В «Гипнэротомахии Полифила» откровенное изображение Леды и ее возлюбленного лебедя покоится над тщательно прорисованным заглавием, написанным на странной смеси итальянского языка и латыни, придуманной Колонной.
Кто же мог написать это произведение? И как оно могло быть напечатано? Официально книга анонимна, именно поэтому я до сих пор не упоминал имя автора. Однако из орнаментированных заглавных букв в начале каждой из 38 глав получается фраза POLIAM FRATER FRANCISCVS COLVMNA PERAMAVIT (Брат Франческо Колонна очень любил Полию). Так как «полия» означает «много вещей», это выглядит как тайное признание в своих эклектичных сексуальных вкусах. Считается, что этот Колонна жил в монастыре Святых Иоанна и Павла в Венеции, который был «нереформированным», а следовательно, нестрогим в своих стандартах, а это означало, что монахам было разрешено жить за пределами монастыря и делать практически все, что им нравится. До самой своей смерти в возрасте 94 лет скандально известному Колонне, очевидно, больше всего нравились женщины, архитектура и сады, что стало предметом энциклопедического исследования «всего, что возможно познать», и все это было вплетено в сюрреалистическое повествование. Он мог предаваться этим страстям благодаря удивительной щедрости или легковерию своего покровителя Леонардо Грасси (или Крассо), который оплатил Альду Мануцию издание книги.

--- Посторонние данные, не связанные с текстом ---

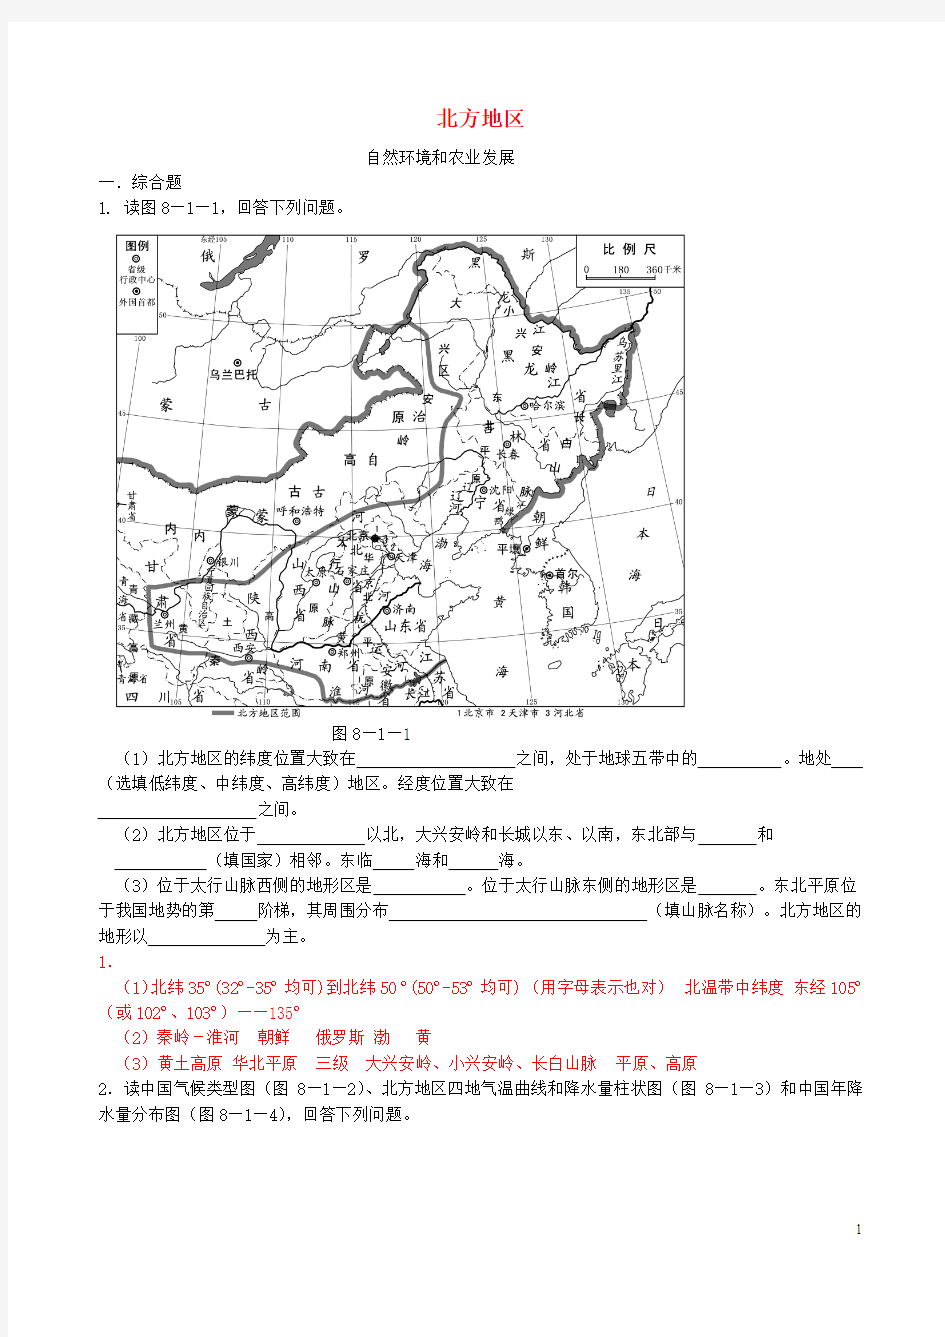 七年级地理下册 第七章 认识中国的地理区域 北方地区精选练习 中图版
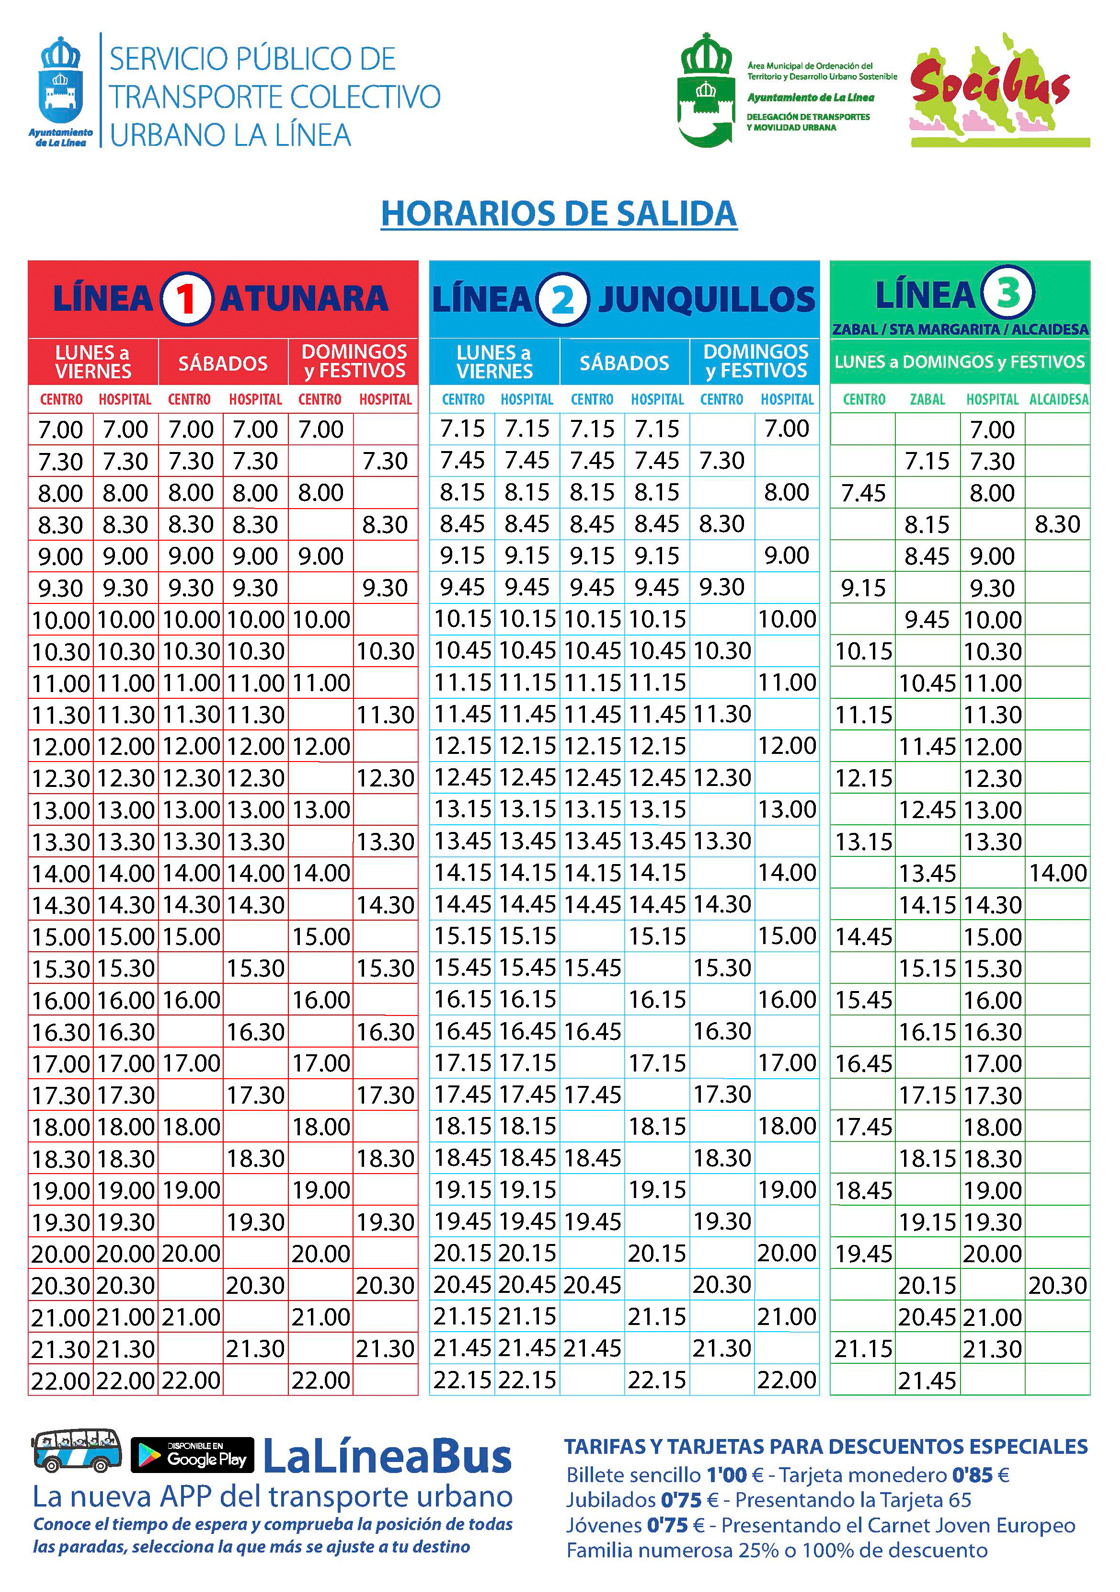 Groupe Socibus opère les autobus urbains de La Línea

В коммерческом смысле результат был катастрофическим. Очевидно, эта идея с самого начала была аналогична самоубийству, поскольку во введении покровитель пишет, что автор «задумал этот труд так, что лишь мудрые смогут проникнуть в святилище… Эти вещи не для масс». Он был прав. Мало кто купил эту книгу (хотя сам Альд, должно быть, гордился своим достижением, потому что заимствовал одну из иллюстраций, на которой были изображены дельфин и якорь, превратив ее в знаменитую эмблему Дома Альда, символизирующую активность, сдерживаемую самообладанием).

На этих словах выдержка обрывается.